I think Steinberg’s best option is to give us A LOT more options in GUI configuration. Then we can configure to our individual tastes.
Font size is my big thing. Because if I could increase that it would also remedy my other major issue with the tiny size of all the parameters on the Inspector. All those buttons and paramters need to scale up in size when the (hopefully future) font controls allow us to scale up at our desire.
And I’m not happy they changed the black symbols on the track controls into white. Then took the white symbols on the Transport and turned them black. Ugh. I found those to be perfect the way they were in C12. Especially the Track Controls.
I think they’ll iron some of this out probably in a month or two. I’m not saying this to you but to the group, in general. Because I see some who are very impatient to get Steinberg acknowledgement which isn’t likely to happen. And we’re nearing a holiday season, so I’m not expecting much until sometime early next year realistically. I also still expect this will take 2 or 3 patches to iron out. We’ll see.
I have the opinion that the developers of the interface simply did not finish it and released it to the world. Switched to a light theme and saw black holes instead of slots effect.
This is the detail that bothered me the most, and that’s why I’m now rolling with a blueish theme. It reminded me of this, straight away.
If this was looked into, we would get soooo much more flexibility when it comes to choosing our custom scheme. Right now, well, you see that it doesn’t look very good with grey, for example.
While removing button color gradient and changing the button shapes may be a subjective matter of style and taste, it’s pretty clear the “all white” buttons letter and icons are a failure in function. I hope Steinberg addresses this immediately.
My feature suggestion to SB: Allow the user to chose between “modern” or “classic” themes. Save face AND keep the user base happy.
It seems that audio people are 10 years behind and they’re chasing ‘trends’ of Windows 10 GUI, while even Win11 (fortunately) went away from that flat ugly look.
Who knows, maybe Cubase 14 will be made of tiles like Win8
It’s ironic that someone on here recently told me, and then doubled down on it, that Steinberg took to a flat look in C13 due to it being the most modern look, based on OS.
Yet as you mention Windows 11 went away from that flat look and now features rounded edges and soft gradients. oops!
I’m not a GUI designer, so I did a quick search for the ‘modern flat’ designs.
It looks like ultra flat designs were really trendy in 2013, so my shot ‘10 years ago’ was actually accurate hahaha Since then, there’s something like ‘flat 2.0’ - an improved version of it that is not ‘ultra flat’ anymore.
So, after all those years of listening to complaints that Cubase looks like from the '90s, they finally managed to update it to the year 2013
Ps. please don’t take my comments seriously. At this point, I can only laugh about the state of C13 GUI
the latency window strip is the worst part. Once we activate show latency, the full strip looks like an emergency after thought, not fitted into place correctly.

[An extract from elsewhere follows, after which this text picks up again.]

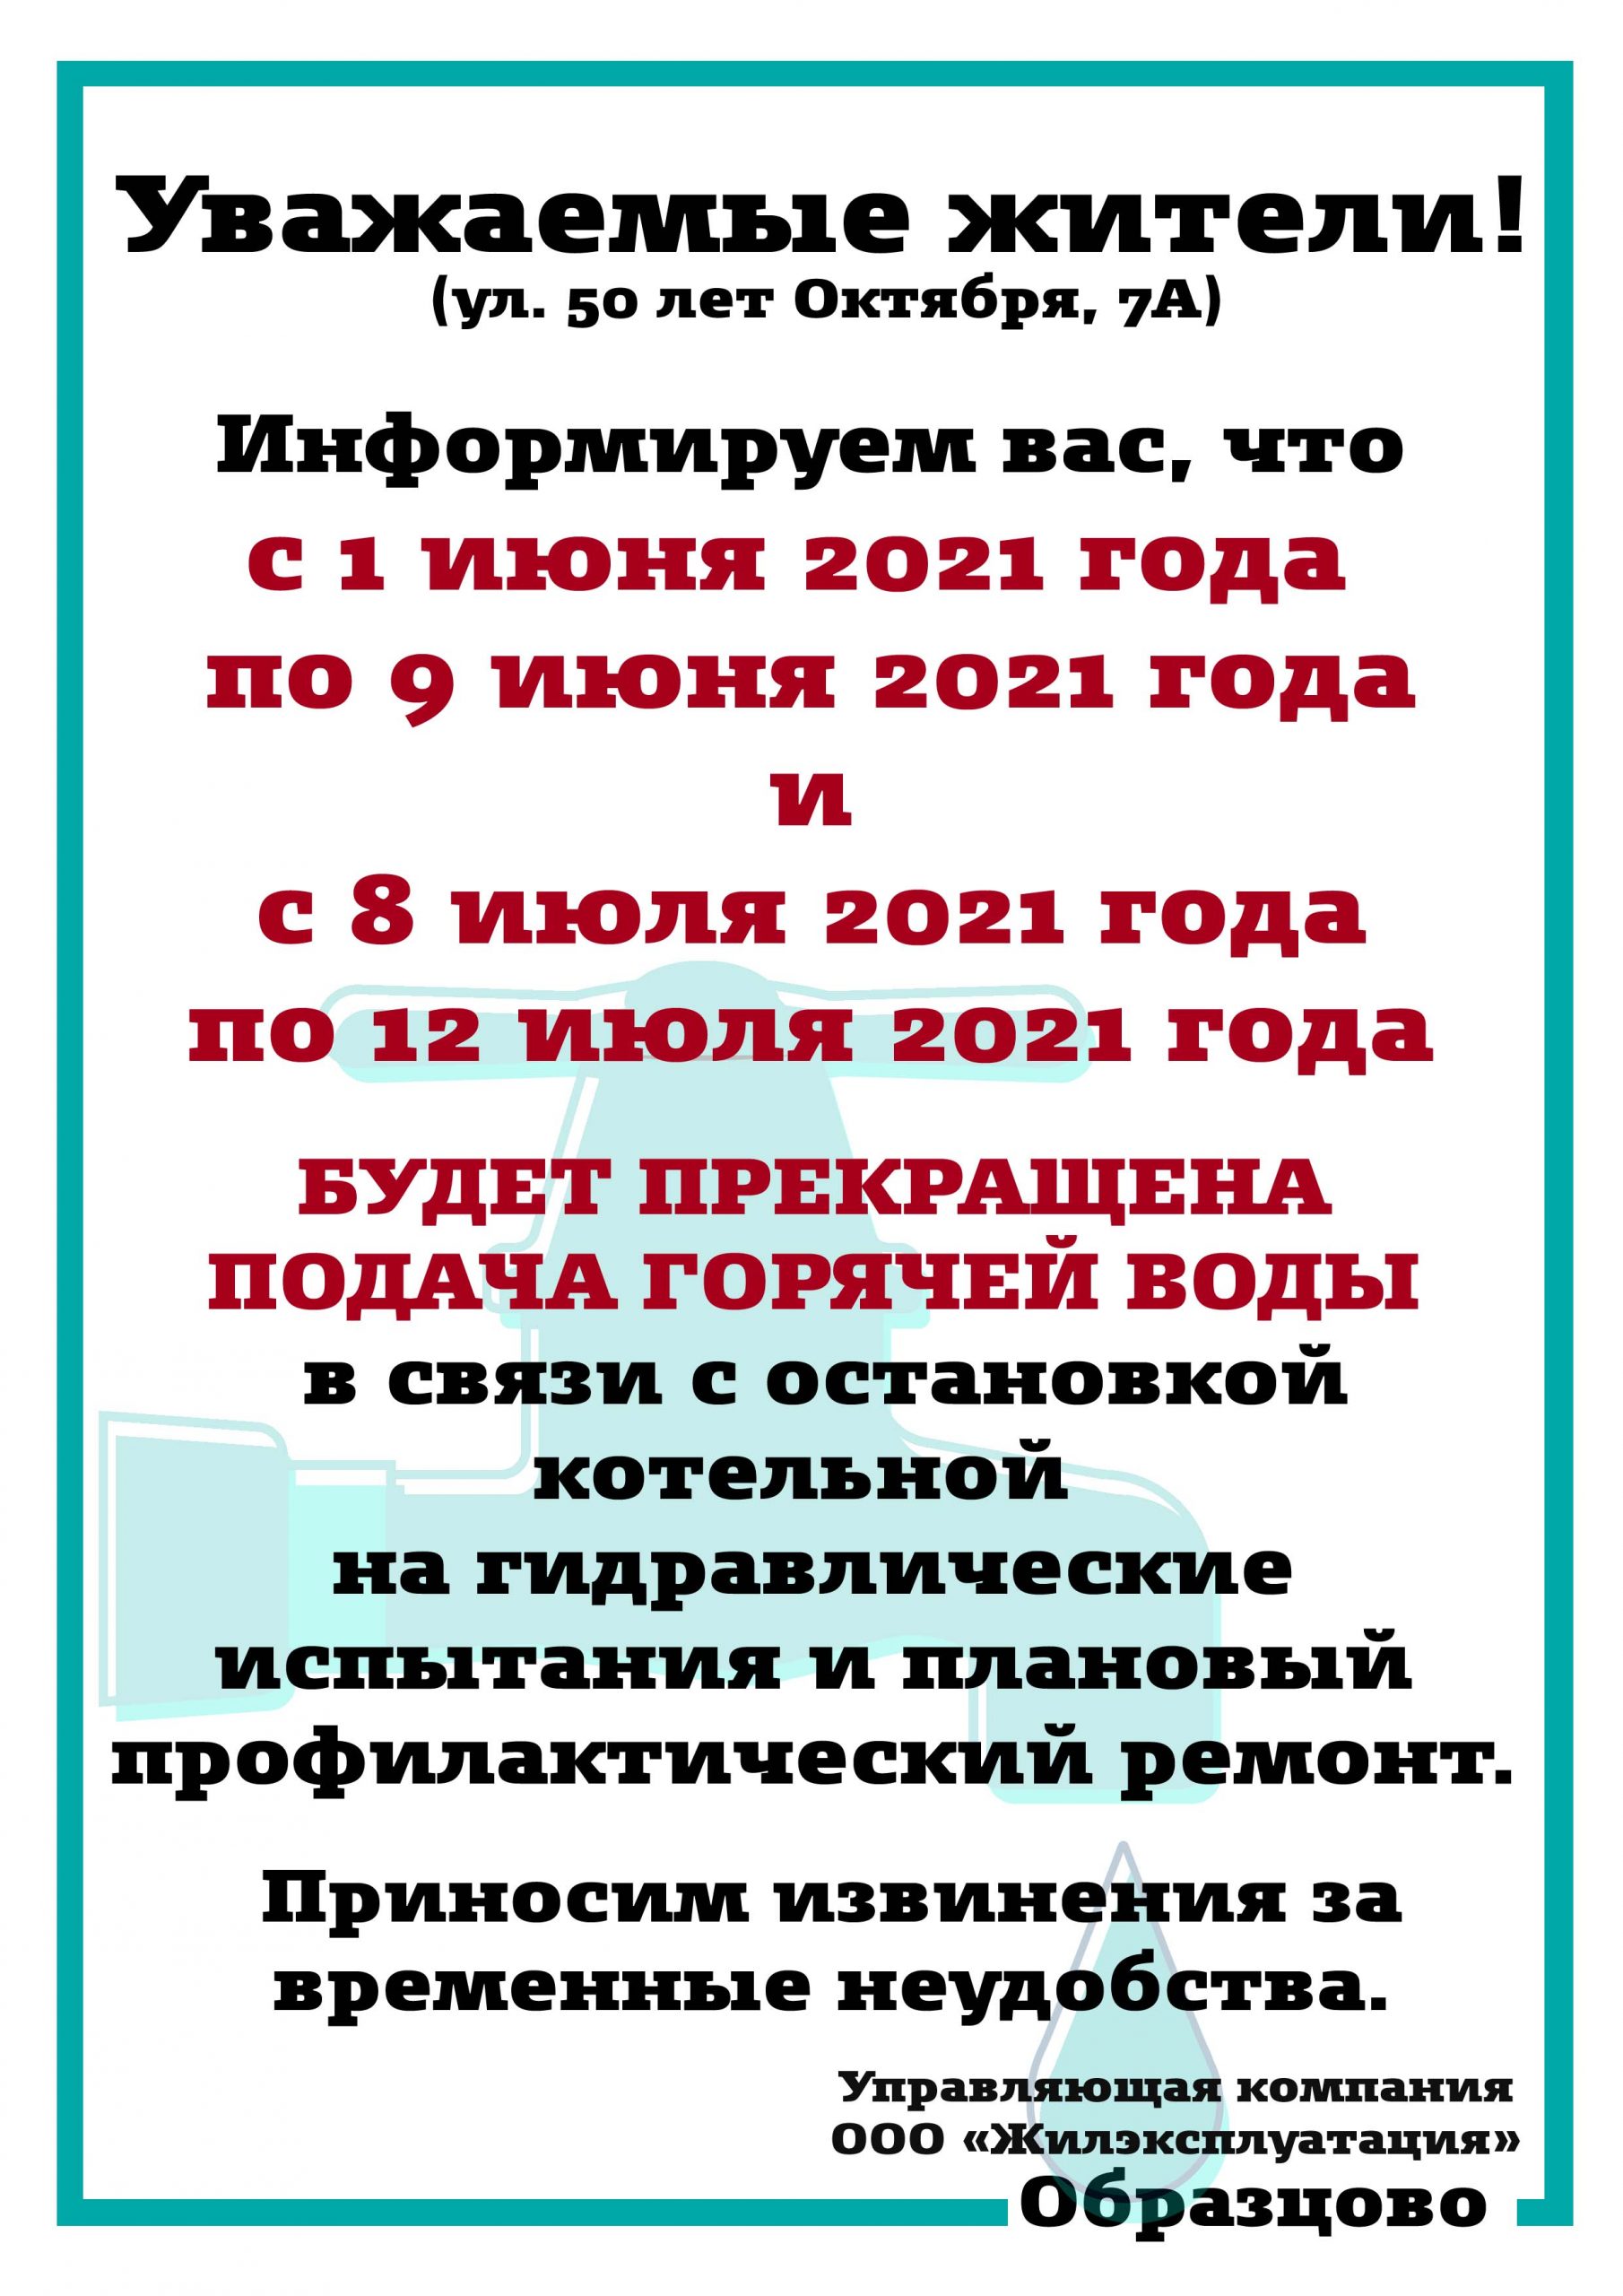 Мариинск 50 лет октября

Windows XP had the rounded corners. The start of it on the Windows side I think. Then Windows 7 later. So maybe this could be considered revision 3 in that design style?
Either way blocky graphics with tiny fonts/elements squeezed together aren’t part of the modern OS design if you’re using ‘modern’ Windows today. There needs to be a balance between positive and negative space, and not just jamming as many controls as you can onto the screen.
In GUI design, I think an important part of function is in the form.
The latest Win11 23H2 has updated file explorer. The top of it is updated and now it doesn’t match the bottom. The top is lighter, a tiny bit transparent and round and the bottom is unchanged flat and dark.
I like those changes. Win10 feels to me like Win95 just with inverted colours.
Ps. The info about ‘flat 2.0’ was related to all GUI designs, not just the OS.
Agreed. For a lot of us this isn’t our first rodeo and things like this are beyond frustrating. It’s easy to write people off and tell them to read the manual when they themselves are not truly understanding the issue / bigger picture. This isn’t an issue of not knowing how things work, it’s being annoyed with the changes being implemented and how it affects people visually.
Blockquote
Since flat design’s emergence in 2011, Nielsen Norman Group has been a vocal critic of its inherent usability issues. Our primary objection to flat design is that it tends to sacrifice users’ needs for the sake of trendy aesthetics.
For years, users had been exposed to traditional signifiers of clickability, such as blue, underlined links and 3D effects on buttons. As design trends shift and users are exposed to new patterns, the average user’s ability to intuitively identify linked elements has evolved. But just because users are better at detecting linked elements doesn’t mean they don’t need any clues at all. In fact, we’ve noticed that long-term exposure to these flat yet clickable elements has been slowly reducing user efficiency by complicating their understanding of what’s clickable and what isn’t.